My use case is I wish to use this parser to parse arbitrary dates where adding the local time makes the dates incorrect. Because I'll be parsing arbitrary data where the input is not under my direct control I will be unable to implement the workaround provided in the previous issue.

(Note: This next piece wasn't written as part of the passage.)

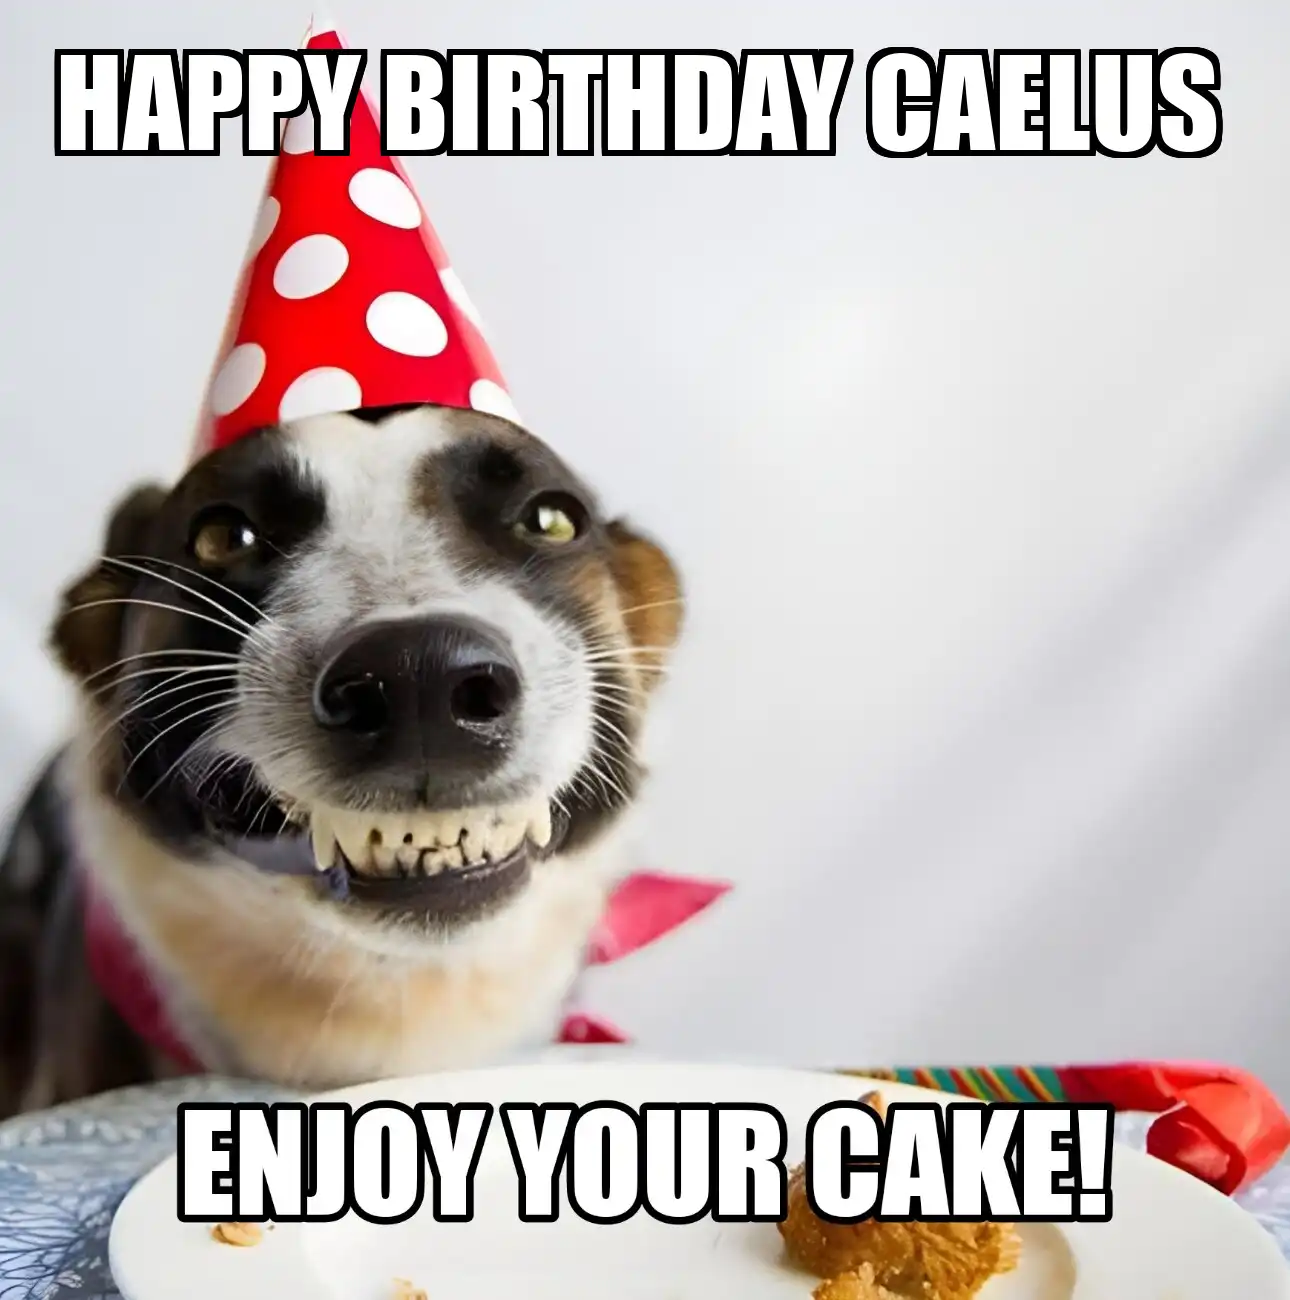 Happy Birthday Caelus Enjoy Your Cake Dog Meme
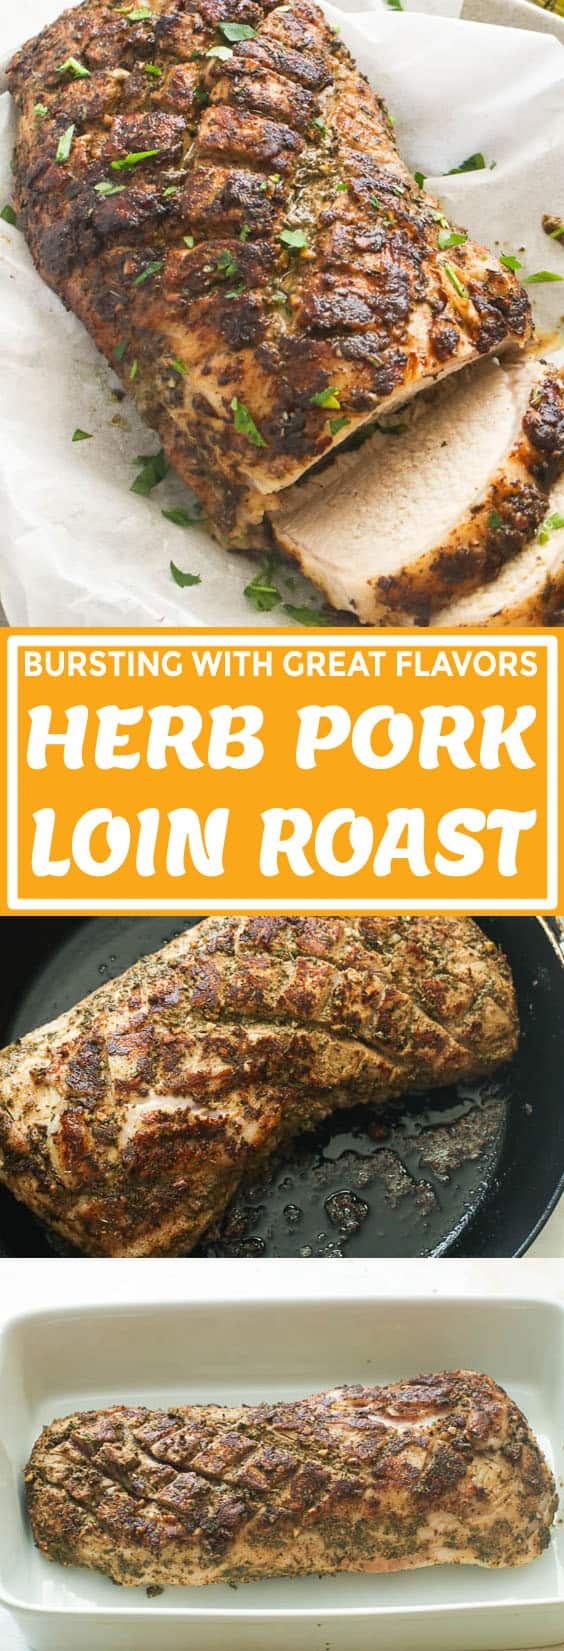 Herb Pork Loin Roast

waltzofpearls commented 2 years ago

Would this work you? https://github.com/waltzofpearls/belt/blob/main/dateparser/examples/parse_with.rs

use chrono::{
    naive::NaiveTime,
    offset::{Local, Utc},
};
use dateparser::parse_with;
use std::error::Error;

fn main() -> Result<(), Box<dyn Error>> {
    let parsed_in_local = parse_with("2021-10-09", &Local, NaiveTime::from_hms(0, 0, 0))?;
    println!("{:#?}", parsed_in_local);

    let parsed_in_utc = parse_with("2021-10-09", &Utc, NaiveTime::from_hms(0, 0, 0))?;
    println!("{:#?}", parsed_in_utc);

    Ok(())
}

It printed the following at the time I ran it.

2021-10-10T00:00:00Z
2021-10-09T00:00:00Z

Both zero out time. The difference is the first one assumes it's a local date, and the second parses the date with UTC.

deankarn commented 2 years ago

@waltzofpearls unfortunately this would not resolve my issue, the core of the issue is setting unknown parts of a DateTime with the current Local or UTC time rather than zeroing them out.

Thanks for your time, I think I'm going to invest some time in a more custom solution for now.